5. Neglecting Domain-Specific Terminology
Explanation: Business, coding, and customer service domains use distinct Korean terminology. A generic prompt will mix registers, producing unnatural outputs.
Fix: Maintain a terminology glossary per category. Inject domain-specific vocabulary constraints into the system prompt. Example: Use standard software engineering terms in Korean (예: 버그, 리팩토링, 테스트 커버리지).
6. Treating Prompts as Immutable Strings
Explanation: Static prompts cannot adapt to evolving business requirements or model updates. Hardcoded strings become technical debt.
Fix: Version control templates. Implement a template registry with semantic versioning. Use CI checks to validate prompt changes against regression tests.
7. Failing to Validate Output Against Cultural Norms
Explanation: LLMs can generate grammatically correct Korean that violates business etiquette or customer service standards.
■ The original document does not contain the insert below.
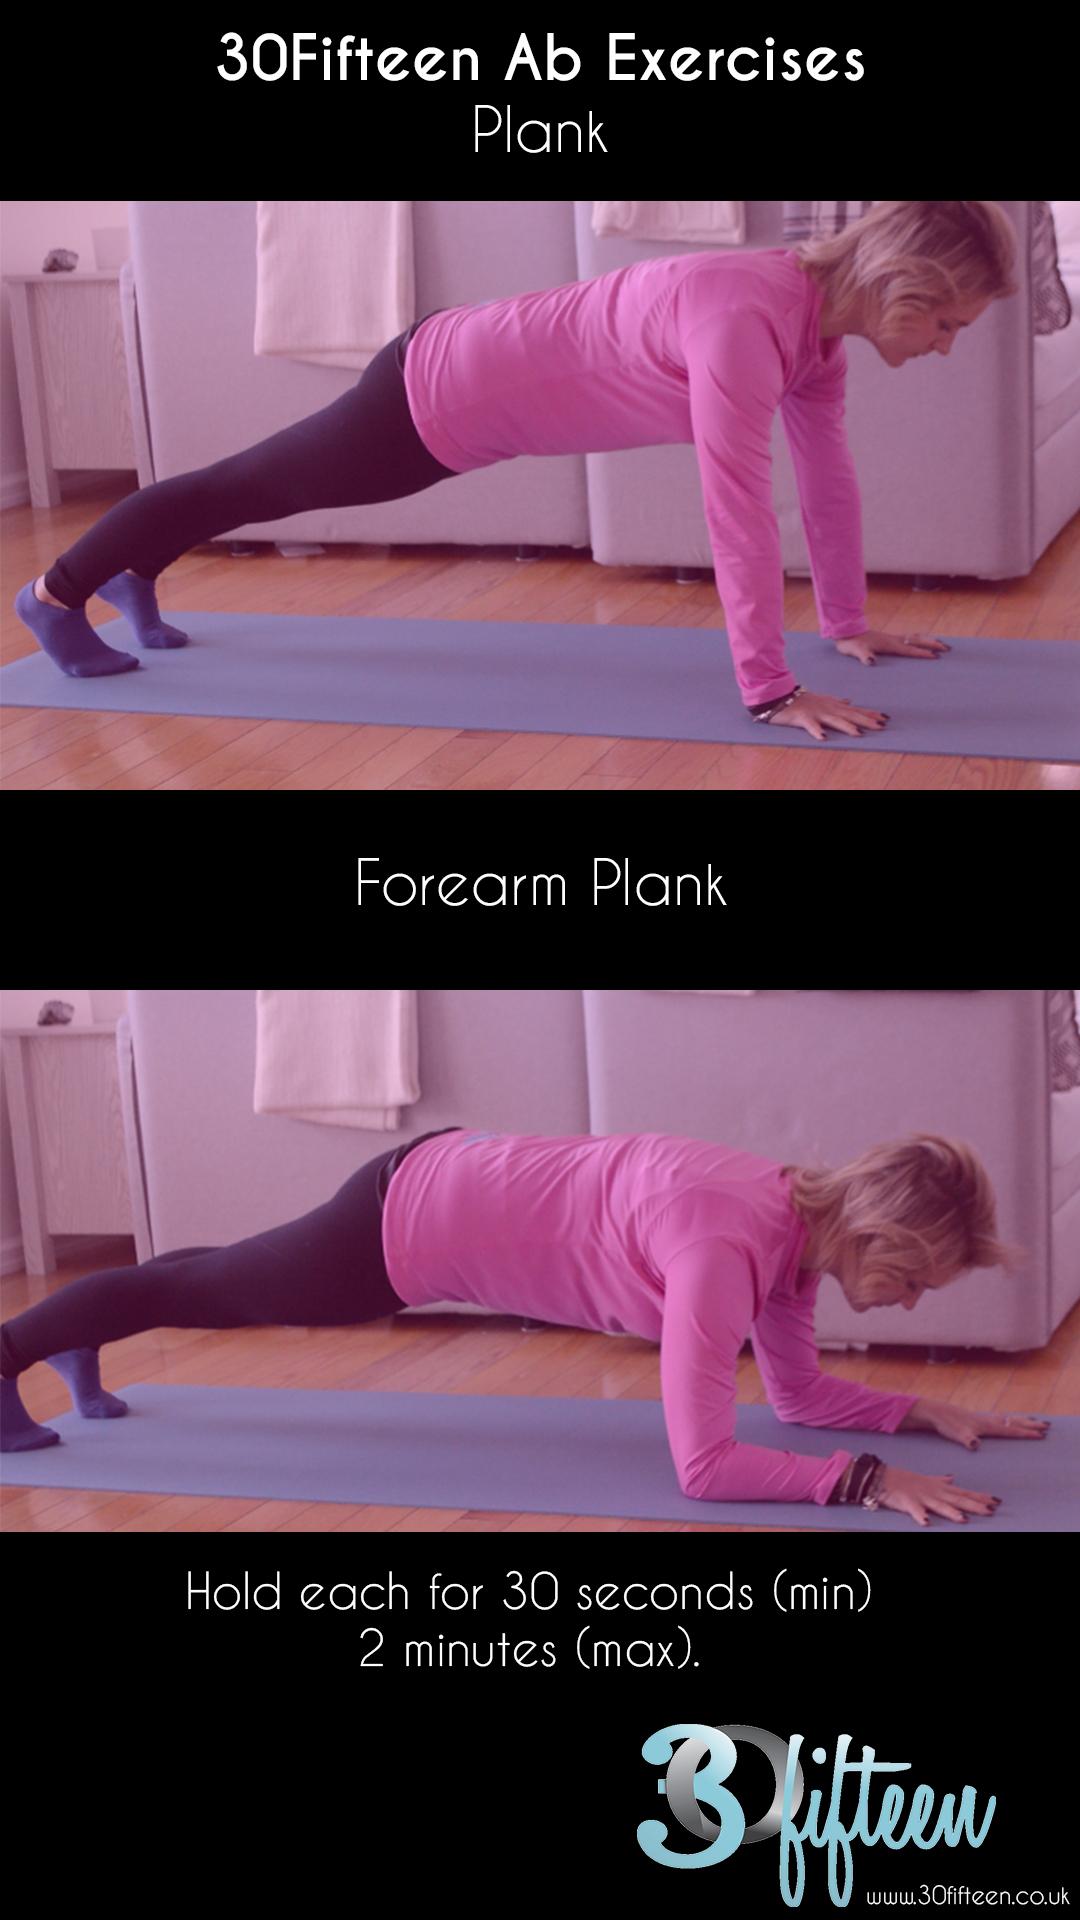 30Fifteen ab exercises plank & forearm.jpg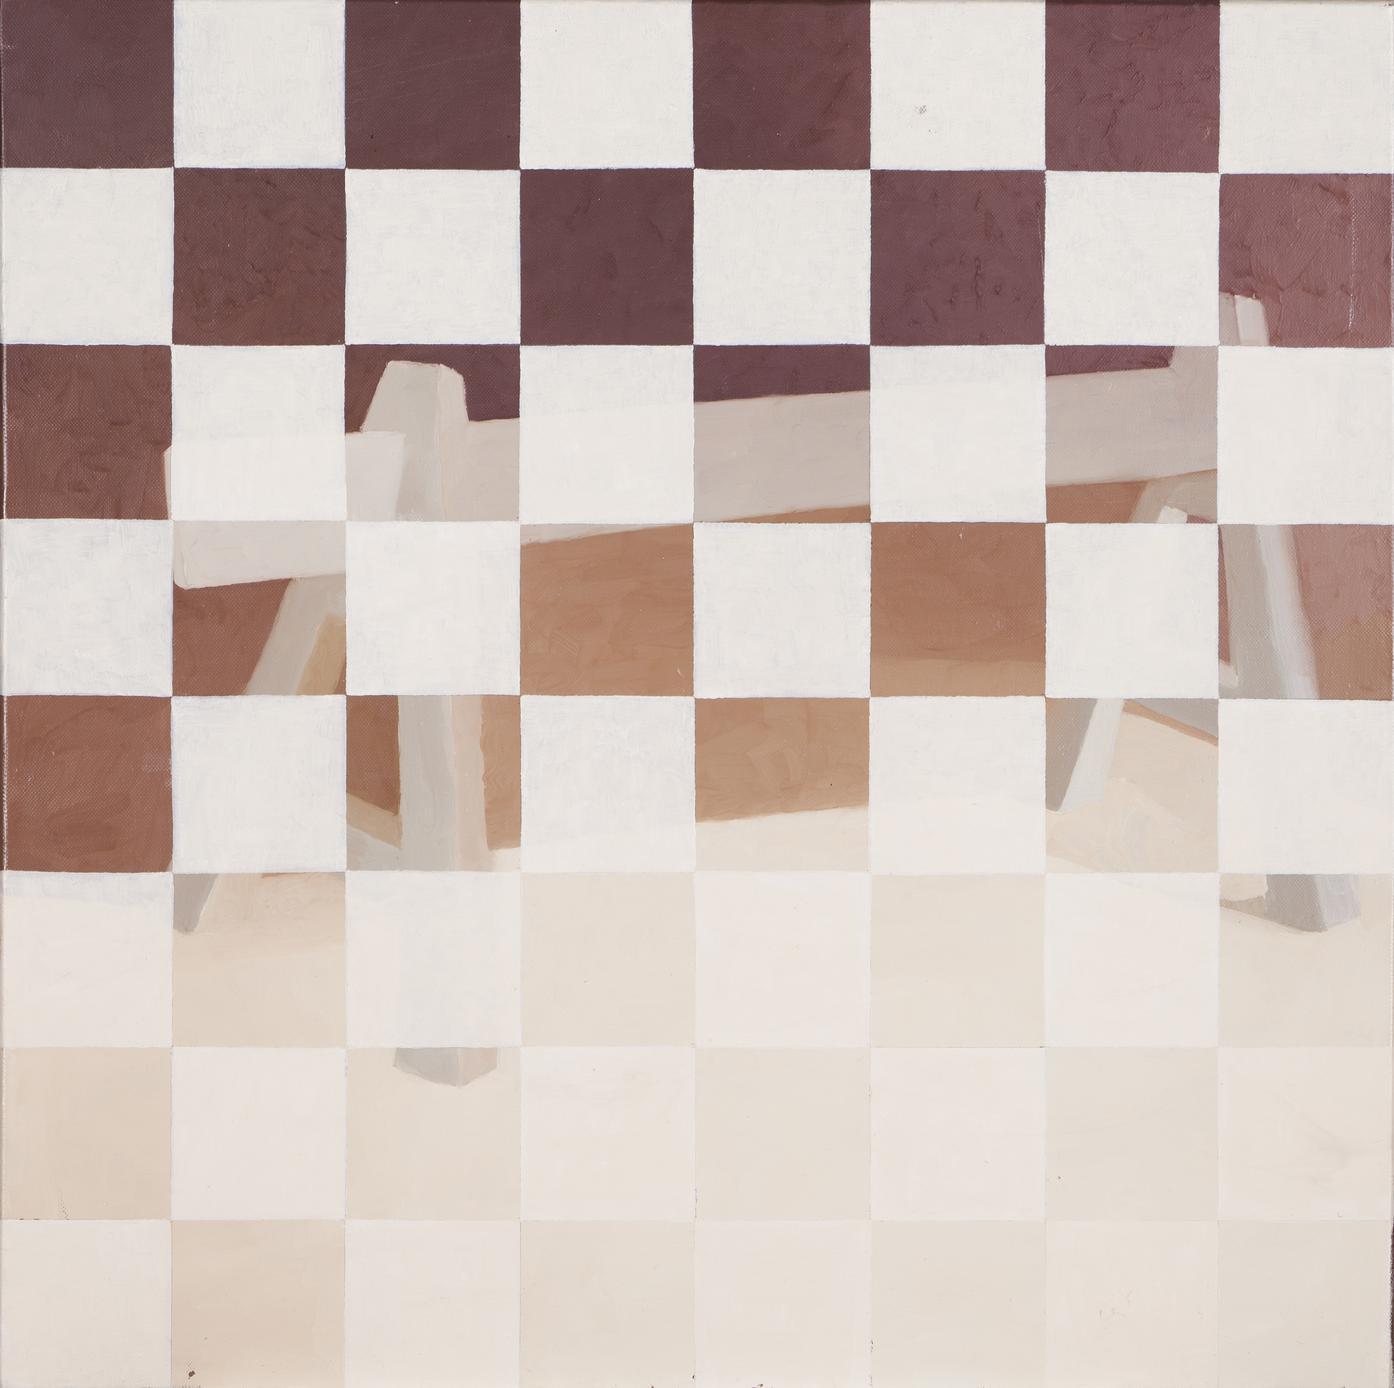 Ana Jotta - Untitled-2006

Fix: Implement a lightweight evaluation layer. Use a secondary model or rule-based checker to validate tone, honorific usage, and structural compliance before returning outputs to users.
Production Bundle
Action Checklist
Decision Matrix
| Scenario | Recommended Approach | Why | Cost Impact |
|---|
| Internal developer tooling | Informal speech level, coding category | Developers prefer direct, concise feedback. Reduces token overhead. | Low (shorter outputs, higher throughput) |
| Customer-facing support bot | Formal speech level, customer service category | Maintains professional tone and cultural appropriateness for end users. | Medium (longer system prompts, higher per-request cost) |
| Technical documentation generator | Formal speech level, analysis/writing category | Ensures consistent terminology and structured formatting for public consumption. | Medium-High (requires chunking and post-processing) |
| Marketing copy generation | Informal/neutral speech level, writing category | Balances creativity with brand voice. Allows flexible tone overrides. | Low-Medium (variable length, requires A/B testing) |
Configuration Template
// prompt.config.ts
import { PromptRegistry, compilePrompt, dispatchToClaude } from '@your-org/korean-prompt-engine';
const registry = new PromptRegistry({
source: './templates',
cache: true,
validation: 'strict'
});
export async function generateCodeReview(code: string, focus: string) {
const compiled = compilePrompt(registry, 'coding/code-review', {
language: 'typescript',
code,
focus
}, {
speechLevel: 'formal',
maxTokens: 2048,
temperature: 0.2
});
const output = await dispatchToClaude(compiled);
// Post-processing validation
if (!output.includes('1. Critical Issues')) {
throw new Error('Output structure validation failed');
}
return output;
}
Quick Start Guide
- Initialize the registry: Run
npm install @your-org/korean-prompt-engine and import the core compiler module into your project.
- Discover templates: Execute
npx prompt-engine list to view available categories and npx prompt-engine search --category coding to filter by domain.
- Compile and dispatch: Call
compilePrompt() with your variables, select the target speech level, and route the result to Claude or GPT using the provided dispatch functions.
- Validate and iterate: Run the output through a tone checker or manual review. Adjust variable mappings or speech level overrides based on production feedback.
- Monitor metrics: Track token consumption, latency, and error rates. Version control prompt changes and establish a rollback strategy for model updates.